A 2010 Test series, where Pakistan over achieved with a victory over host England at The Oval, may serve Australia well as a blueprint.
This Ashes series Australia can look to Pakistan's example in 2010 at The Oval
It culminated in a smart ESPN blog comparing the two: a wonky, young batting line-up, a clutch of impressive fast bowlers, a misfiring, delusional all-rounder about whom the jury at Test level remains undecided, whimsical selections, an unreconstructed, popular ex-player as new coach, continuing incidents of player indiscipline and an administration of Neros.
It is hard to tell them apart. Perversely, this may be no bad thing for Australia.
It may actually be cause for hope.
Consider the last Pakistan side to take on England on the later's home soil.
That 2010 series now lies overshadowed by the uncovered corruption that saw three Pakistani players serve prison time.
Beneath that, the most remarkable fact of that four-Test series was, until the second afternoon of the final Test at Lord's, when England were 102 for seven, Pakistan stood a chance of sharing the series.

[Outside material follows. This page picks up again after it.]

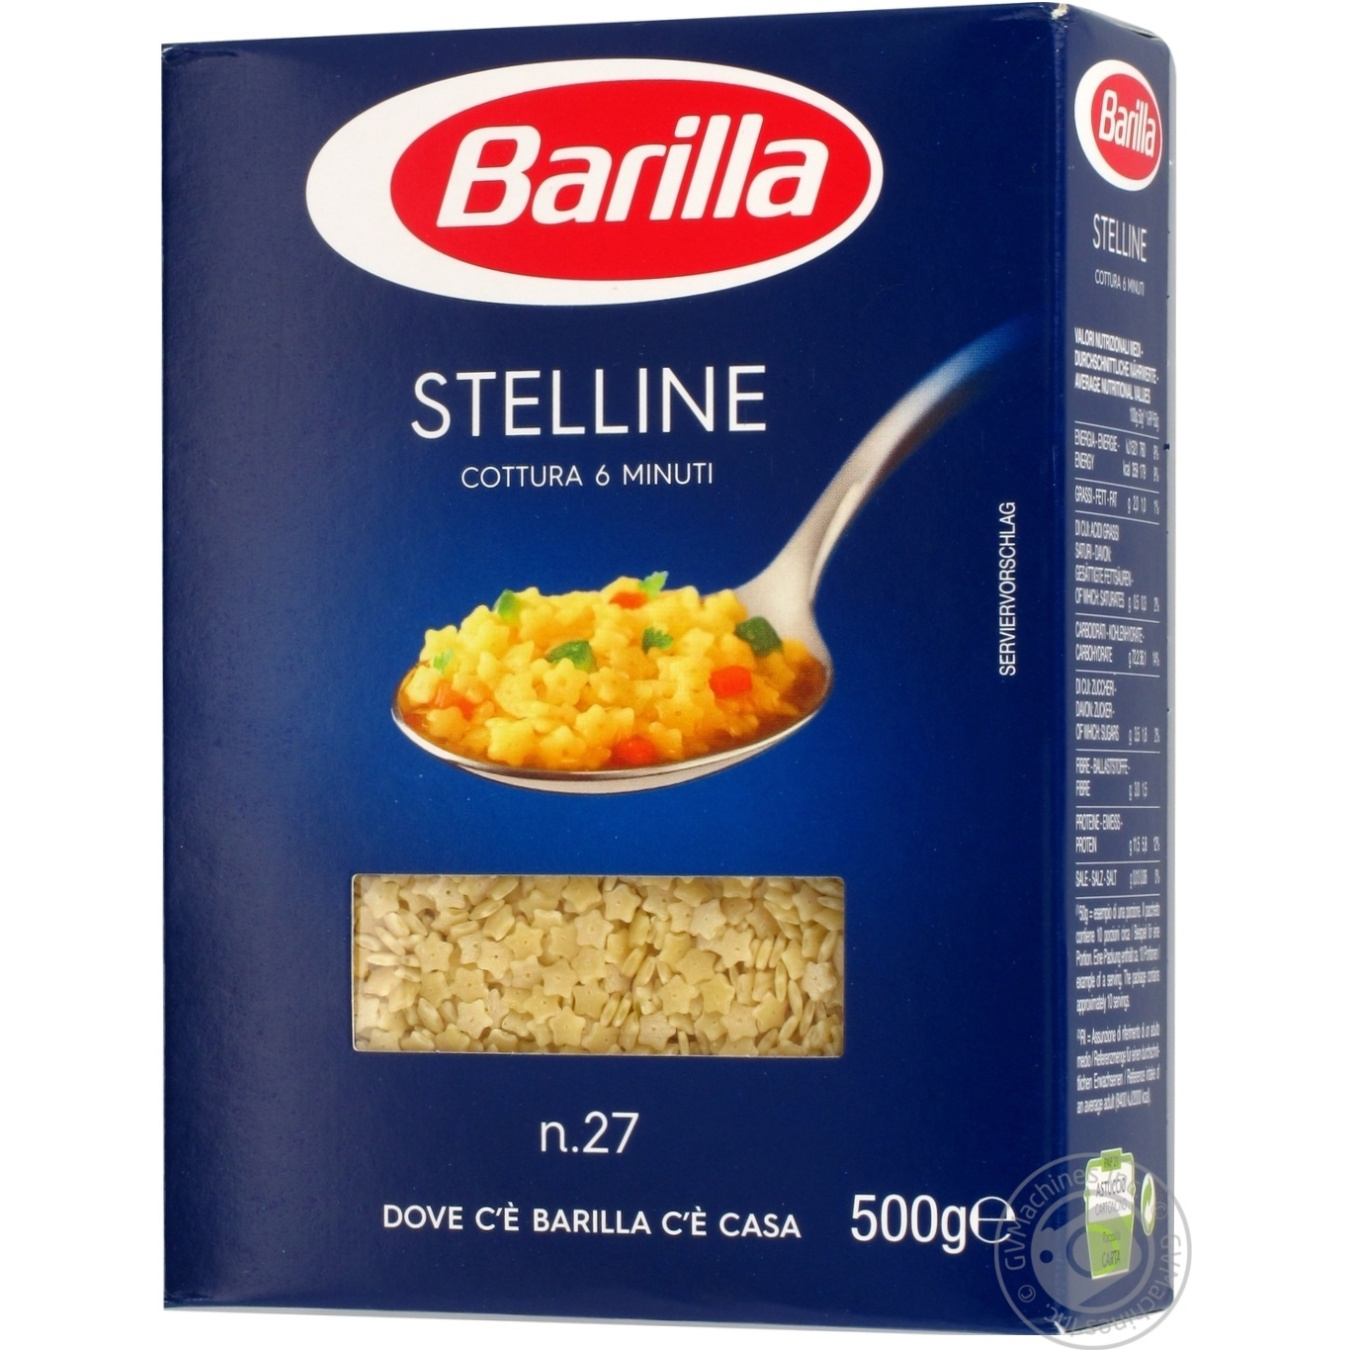 BARILLA СТЕЛІНЕ №27 500Г

But for Stuart Broad and Jonathon Trott's late, 332-run partnership, the series might have ended square at two-all. Which might have been the most outre result since forever, because Pakistan were as dysfunctional a side as any in their history.
Their original Test captain resigned one match into the summer. Already they had chosen to tackle difficult conditions without two of their most experienced and successful middle-order batsmen, leaving them fielding their weakest batting order since the early 1960s.
Their management was clearly negligent and the fielding was clumsy. They were redeemed only by a bowling attack that could occasionally make up for all of the above.
Pakistan's batting was so brittle, they were bowled out for under 100 three times in four Tests.
That they won even a Test, the third one at The Oval, is nothing short of miraculous.
That they won it when their captain and best bowlers were supposedly trying to fix the result is downright outrageous.
It is even more outrageous than the current Australia pulling off a similar result.
The England side that lost at The Oval was not only very similar to this one, it was arguably stronger.
Seven players who played in that Test played in the last one, the Ashes victory at Lord's. If that batting order had Eoin Morgan in it, now seen more dubiously as a Test prospect, then he was still cresting early success in his career.
Graeme Swann had yet to fall into the little dip with injuries and Steven Finn was on an upper as well.
Perhaps most crucially, they had Paul Collingwood in the middle order.
It is with that defeat in mind that ideas of whitewashing Australia in the current series sound just a little unbecoming or, conversely, that Australia might sneak a result, not altogether preposterous.
That result was not all that long ago; England have soared and dipped and levelled out since then.
Australia's bowling is not as well-rounded as that Pakistan attack, but only in hindsight.
At the time, beyond Mohammad Asif and Mohammad Amir, Pakistan's attack looked shallow: Saeed Ajmal was not yet established in the Test XI and Wahab Riaz was making a debut that turned out to be a deceptive arrival.
Australia's fast bowlers have troubled England's top order in every innings across the two Tests; 11 for 2 at Trent Bridge, 28 for 3 and 30 for 3 at Lord's. If they can build on that early initiative and translate it into a lower English total than they have managed so far, then who knows?
It would help if they recognised the obvious and played their best spinner, Nathan Lyon.
The key will be the batting.
At The Oval, Pakistan made 308 in their first innings, their highest of the series.
That platform was set by the return of Mohammad Yousuf, who made only 56, but did it with such ease and authority that it emboldened others, hitherto terrified, around him.
Most notably, young Azhar Ali finished unbeaten on 92. That is a template Australia can attempt to emulate, beginning at Old Trafford on Wednesday.
It does not even require Michael Clarke to bat so big; it merely requires of him to repeat and prolong the kind of partnership he constructed with Usman Khawaja in the second innings at Lord's.
England are a good side, much the superior, as they were in 2010 against Pakistan.
But just as then, that does not mean they cannot be beaten.